Снег за окном падает теперь гуще, темные квадраты полей усеяны белыми пятнами, как пирог, который посыпают сахарной пудрой, когда он еще теплый. Неуютная местность, говорит Давид, но не хуже других. Все-таки люди здесь не наступают друг другу на ноги. Этими словами он отвечает на вопрос, который я давно задал себе: почему он поселился именно здесь, среди нагорий Юры с их суровым и влажным климатом, с морозными и снежными зимами. Мой визави умолкает, прежде чем продолжить свой рассказ. Несколько лет он бродил по стране, искал уголок, где мог бы жить в спокойствии, но дольше чем на полгода нигде не задерживался, перебирался из одной меблированной комнаты в другую, и теперь вот он здесь, в продольной, покрытой еловым лесом долине. Континентальные ветры дуют над ней, не вздымая холодный воздух, и воздух этот застаивается между склонами, точно внутри гигантского холодильника.

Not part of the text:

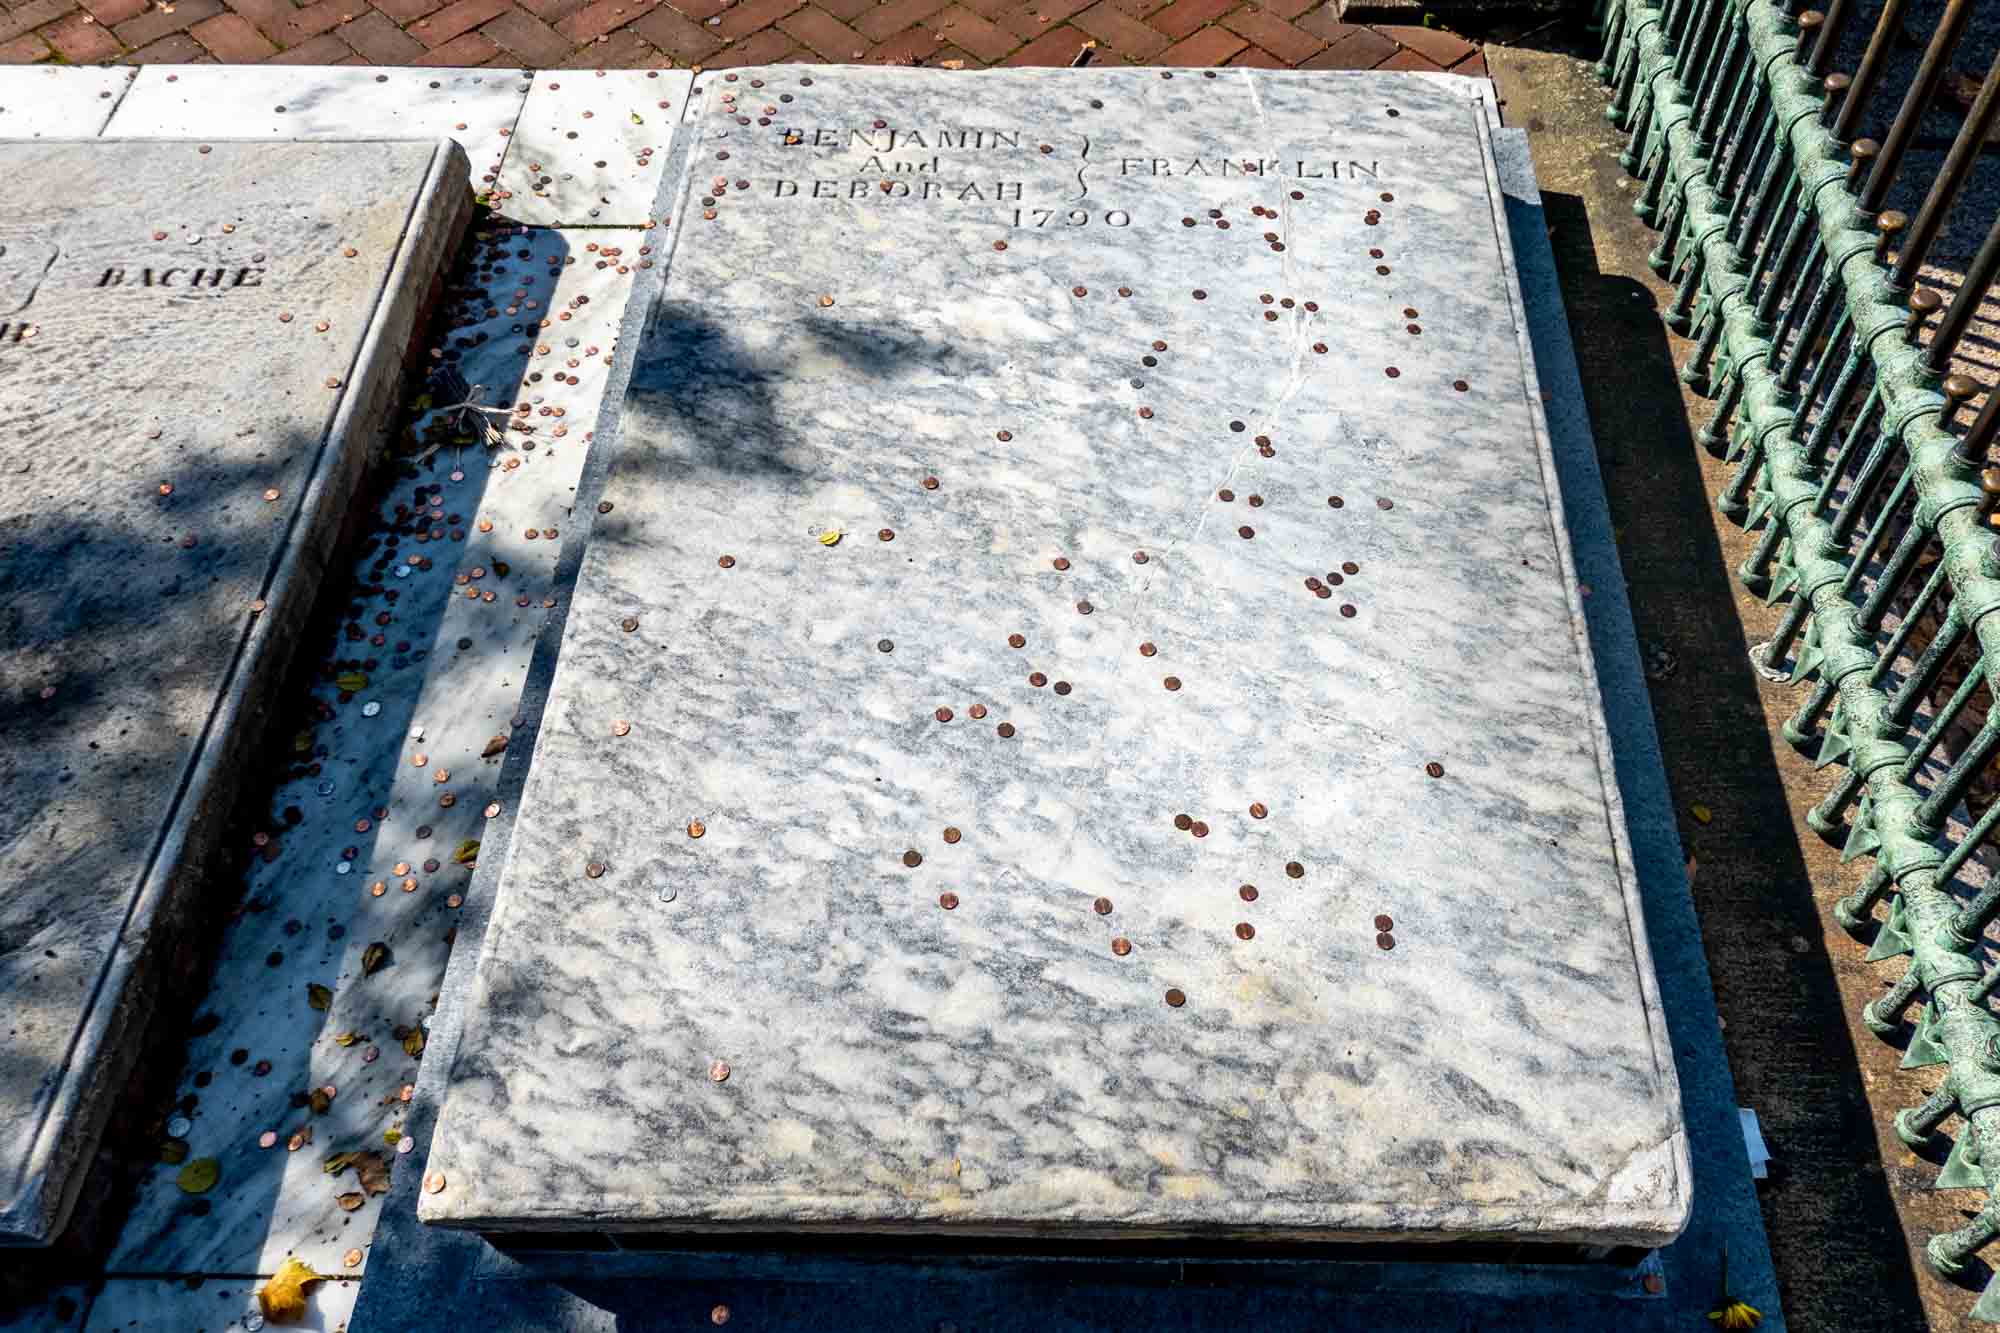 Marble slab grave marker inscribed with "Benjamin and Deborah Franklin, 1790" and covered with dozens of pennies

Дождавшись темноты, я прокрался в дом. Окна наших домов мы заколотили досками, тут я менять ничего не стал и решил посмотреть, чем я располагал. Припасов, полезных в такой ситуации, было немного. Воды – кот наплакал, несколько банок тушеной фасоли фирмы «Хайнц», полдюжины свечей, спички – вот и все. Но я не беспокоился. Надо было продержаться всего несколько дней, пока я не найду Агату. И тогда найдется все остальное. Агата должна убедиться, что она заблуждалась и что я не сбежал – вопреки ее предсказаниям. Однажды прилетит большой белый самолет, появится в небе, как ангел, и, забрав вас всех, улетит восвояси – вот так она говорила. Но уже после первой ночи у меня душа ушла в пятки. Я понял, что совершил ошибку, и не желал теперь ничего иного, кроме как исчезнуть из Кигали. Я знал о самолете компании «Эйр Франс», который должен был вывезти в следующее воскресенье последних европейцев. В нем буду сидеть и я. Вместе с Агатой. С моим садовником Теонестом я отправил ей записку на авеню Молодежи. Я паковал вещи, не сомневаясь, что она придет. Этот кошмар останется в нашей жизни эпизодом, над которым мы скоро будем смеяться. Но она не пришла. И я остался в особняке Амсар. Сто дней я провел там, и подчас мне кажется, что я все еще сижу в тех стенах, и меня опять охватывает страх, я слышу крики, стрельбу, разрывы гранат, опять чувствую голод и жажду.
Теонест более или менее регулярно снабжал меня водой, приносил немного вареного риса, а иной раз и бутылку пива. Ко мне он относился хорошо, при том что других не жаловал, но тогда я об этом не знал. Мы играли на веранде в туфи, он сообщал мне новости о событиях на фронте, о потоках беженцев, иногда пересказывал какие-нибудь слухи, к примеру о том, что Агата покинула город или ухаживает в военном лагере за ранеными – каждый раз это звучало по-иному. Достоверным было лишь то, что в один из первых дней апреля в дом, где проживала вся ее родня, попал снаряд. Никто, однако, не знал, был ли при этом кто-нибудь убит или ранен.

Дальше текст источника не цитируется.